The reason: “Electric Boat is doing the design and development work for 12 ballistic-missile submarines to replace the current fleet of 14. It’s building Virginia-class attack submarines.” Tiny bit more, here.

That Russian spy ship was 100 miles away from Michael Jordan’s hometown in Wilmington, N.C., CNN reported Monday evening. “The Viktor Leonov was observed operating in the Caribbean last week,” and “was seen leaving the capital of Trinidad and Tobago, Port of Spain” just days ago.
The USS Cole “and other naval assets” are tracking the Russian spy ship, U.S. military officials told CNN. “A second official told CNN last week that based on historical patterns the ship is likely on a four-to-six month deployment off the East Coast where it will be conducting intelligence operations.” A bit more, here.

Russia says its first shipment of S-400 air defense systems to China has been sent, The Diplomat reports. “China and Russia concluded a deal for the procurement of four to six S-400 units in November 2014, making Beijing the S-400s first international customer.
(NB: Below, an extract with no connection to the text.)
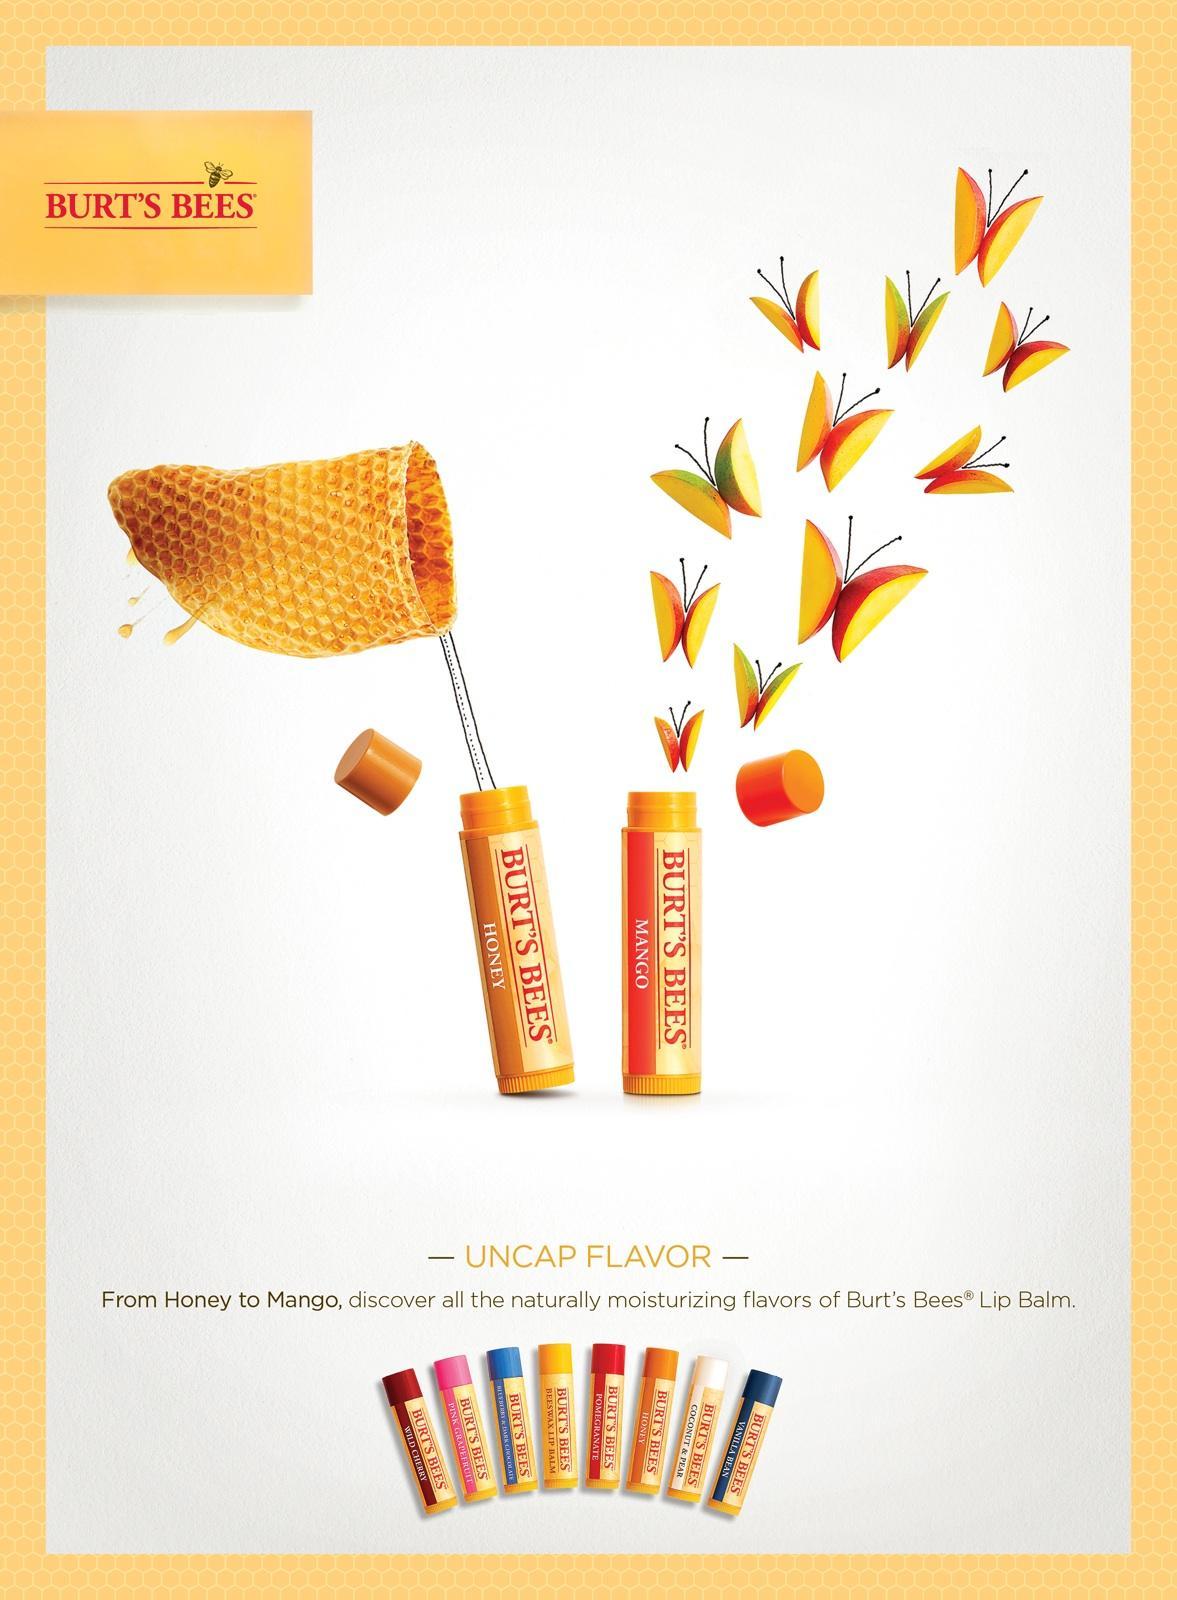 Burt's Bees Print Ad -  Uncap Flavor, 3

The contract value is estimated at around $3 billion.” More on the system’s specs, here.

China’s most advanced jet just completed its first combat air exercises, The Diplomat reported separately on Monday. “The military channel of China Central Television (CCTV) showed video footage of J-20s flying alongside H-6K long-range bombers and Xian Y-20 large military transport aircraft in March 2017.”
A bit more about the aircraft: “The J-20A is a twin-engine single-seat fifth-generation (designated fourth-generation in the PLAAF) stealth fighter… designed for long-range fighter missions such as attacking enemy support aircraft including tankers with PL-12 beyond visual range air-to-air missiles.” Read on, here.
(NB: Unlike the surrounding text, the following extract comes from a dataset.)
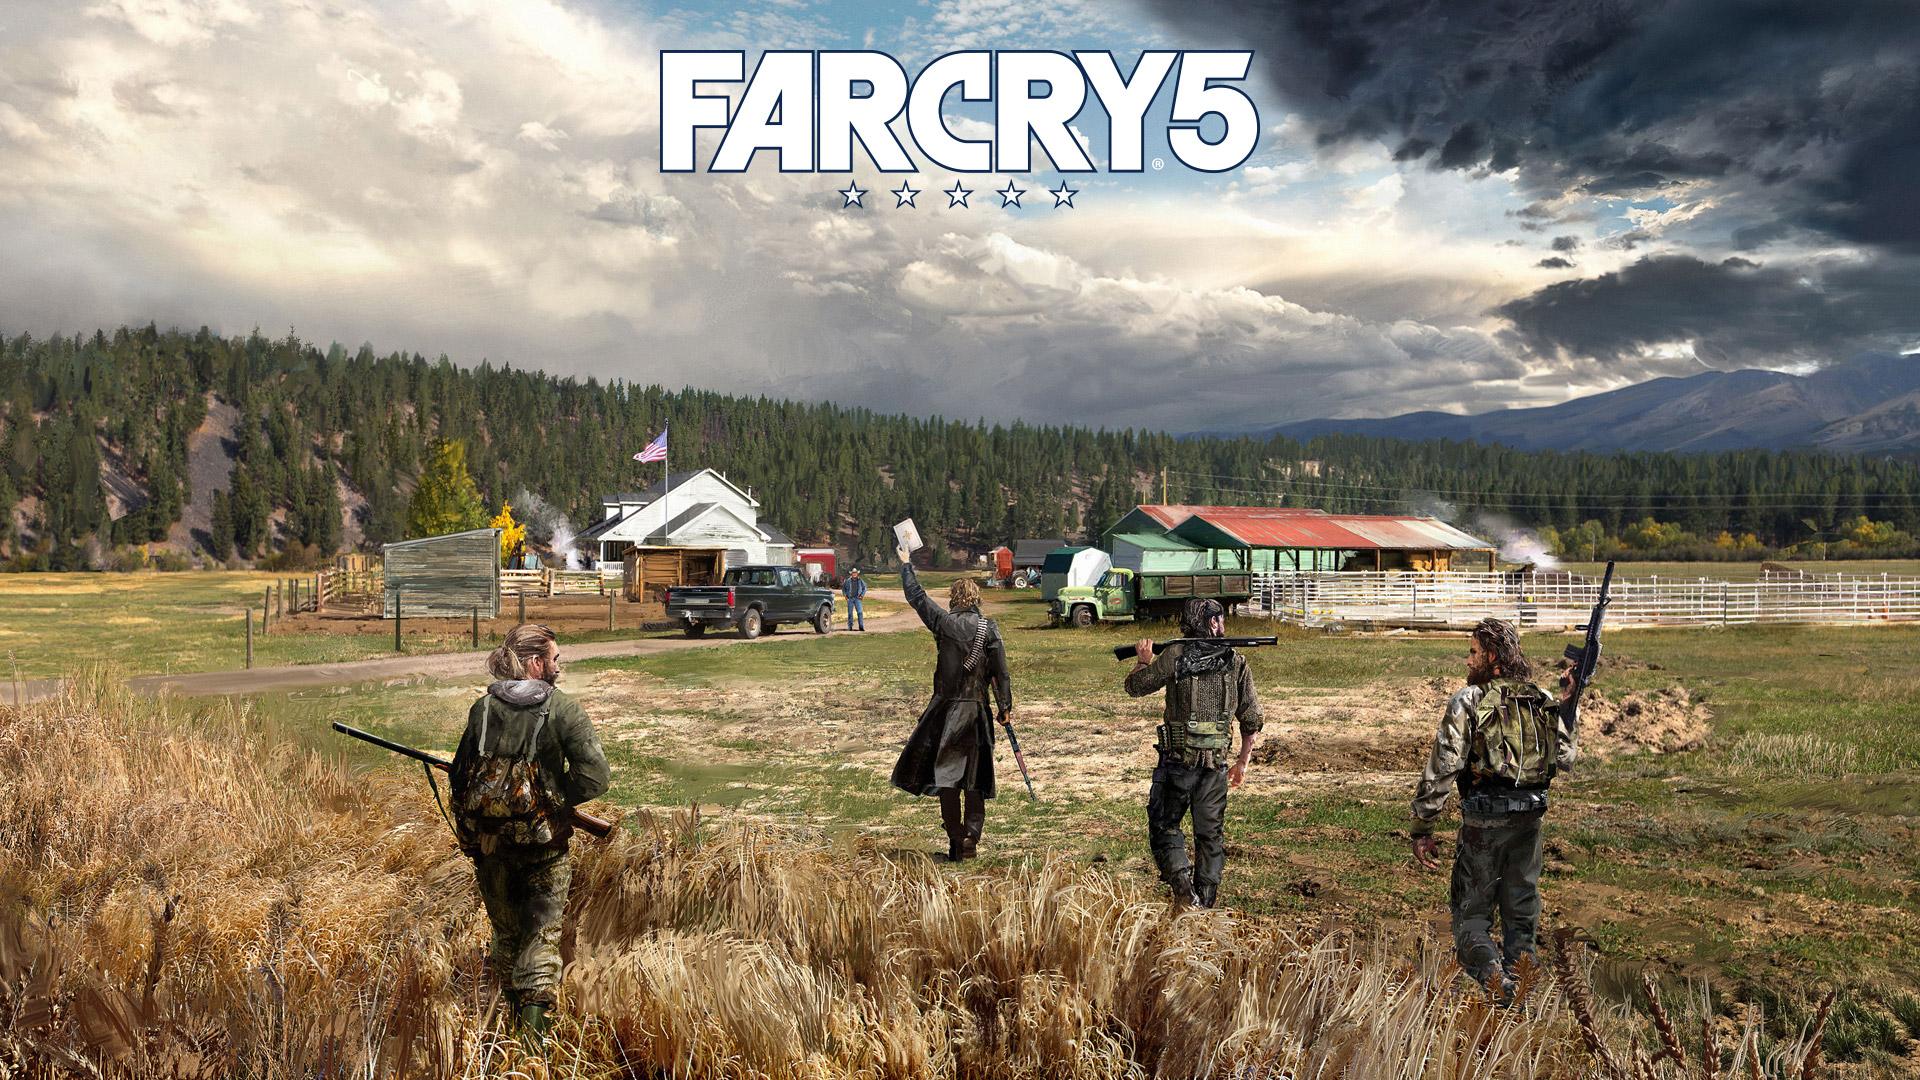 Free Far Cry 5 Wallpaper in 1920x1080

Pro tip: Do not threaten mass murder (ever, really — but especially) on a major news organization. Atlanta CBS affiliate WGCL reports Michigan native, 19 year-old Brandon Griesemer, “was arrested after an FBI investigation, accused of threatening to travel to Atlanta to commit mass murder at CNN headquarters.” Before his arrest, he’d made 22 calls to the network, beginning with claims of “fake news” and ending with threats of violence.
He said lots of not-smart things over the phone before investigators traced his call and made the arrest. More over here. Or read CNN’s longer look at Griesemer’s recent police history, here.
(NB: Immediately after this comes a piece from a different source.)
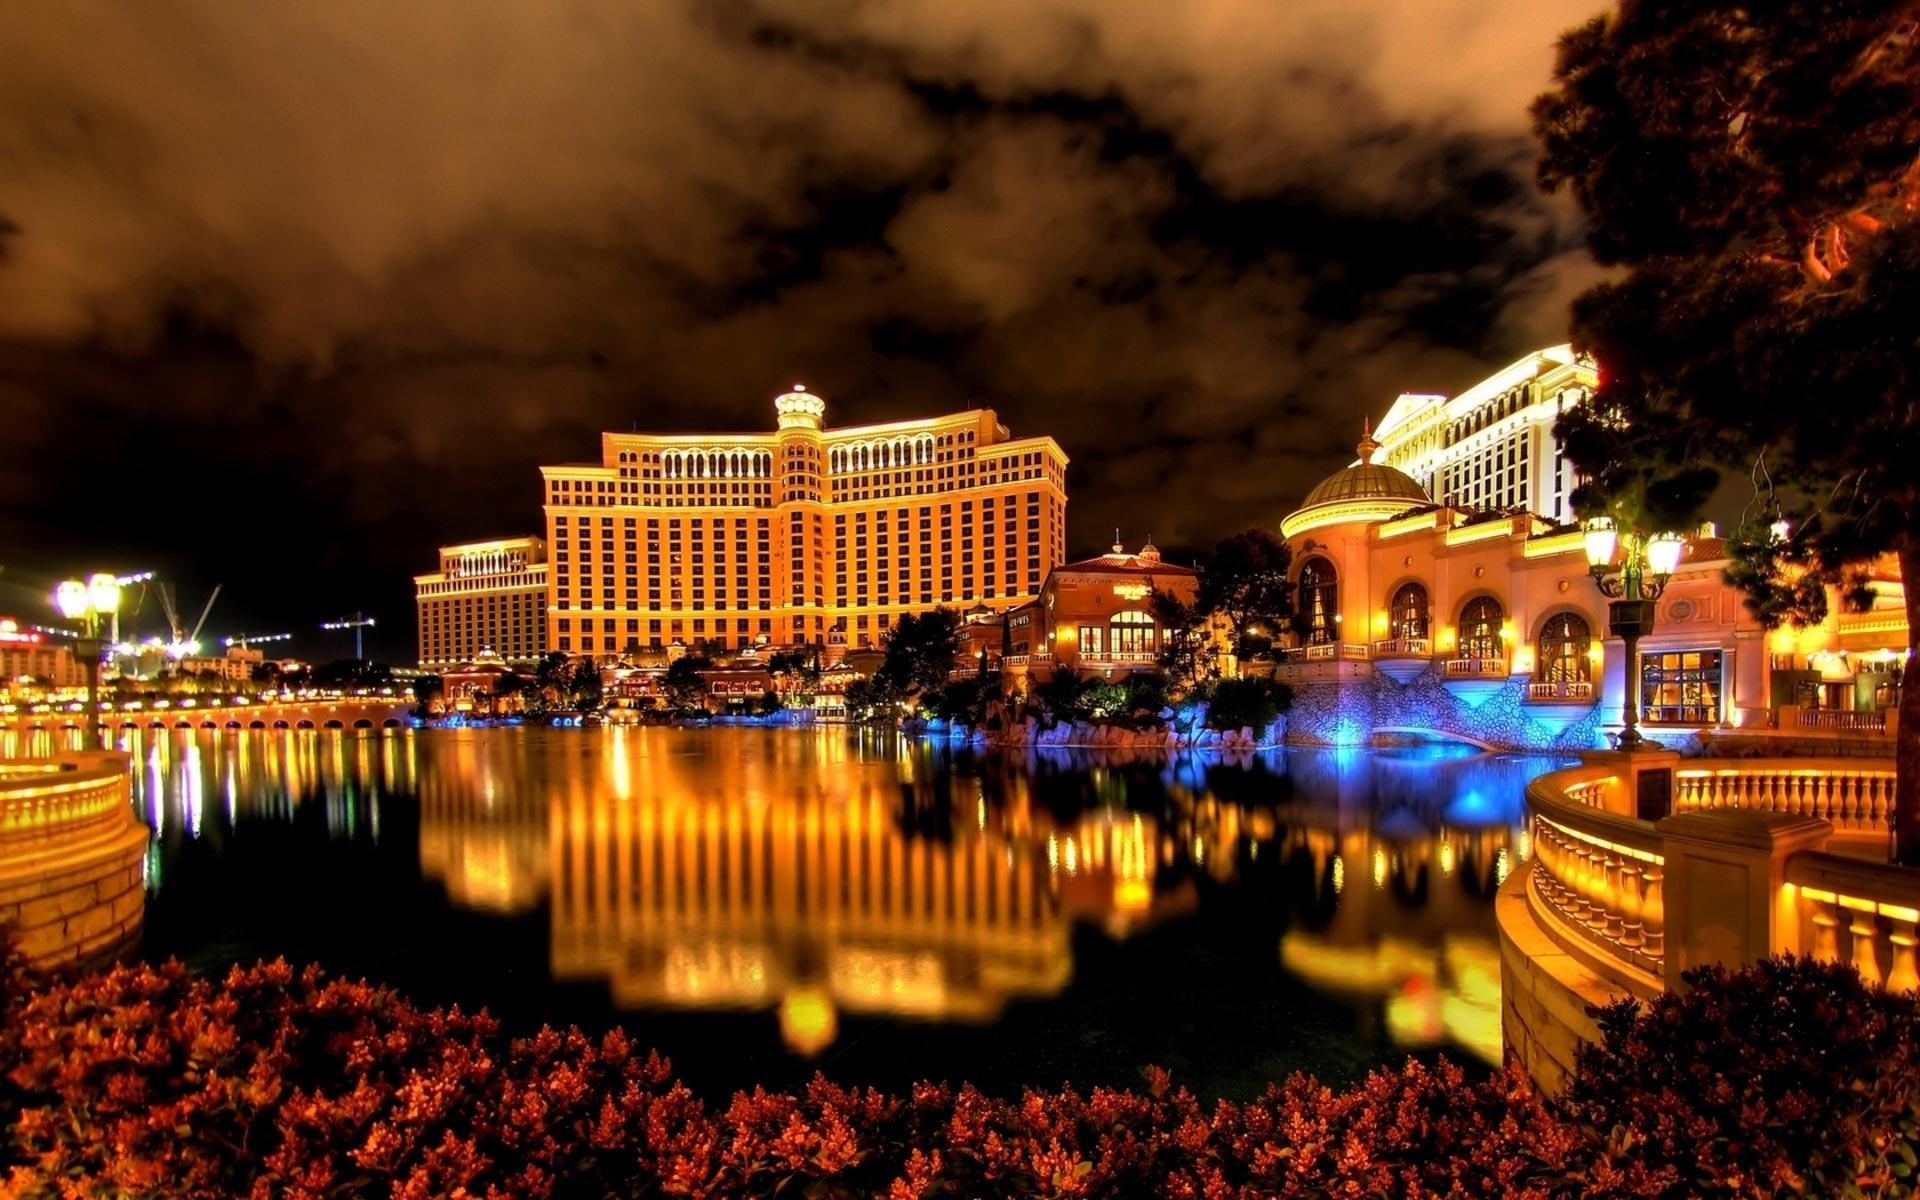 72 Las Vegas Hd Wallpaper On Wallpapersafari

And finally today: Remember last week’s contentious terrorism report from the Justice and Homeland Security Departments? It actually had nothing to do with the Department of Homeland Security, The Daily Beast reported Monday. “According to a government source familiar with the episode, Attorney General Jeff Sessions’ office took charge of the report’s assemblage of statistics—which some terrorism analysts consider highly misleading—and sent it to DHS Secretary Kirstjen M. Nielsen for her imprimatur after it was all but finalized.”
The problem: “Career professional analysts at DHS communicated to the Justice Department that the data sought for the report simply did not exist within their department.”
Why the data doesn’t exist:DHS, multiple sources said, does not track or correlate international terrorism data by citizenship or country of origin, and have warned the Trump administration that doing so risks a misleading portrait of both terrorism and immigration.”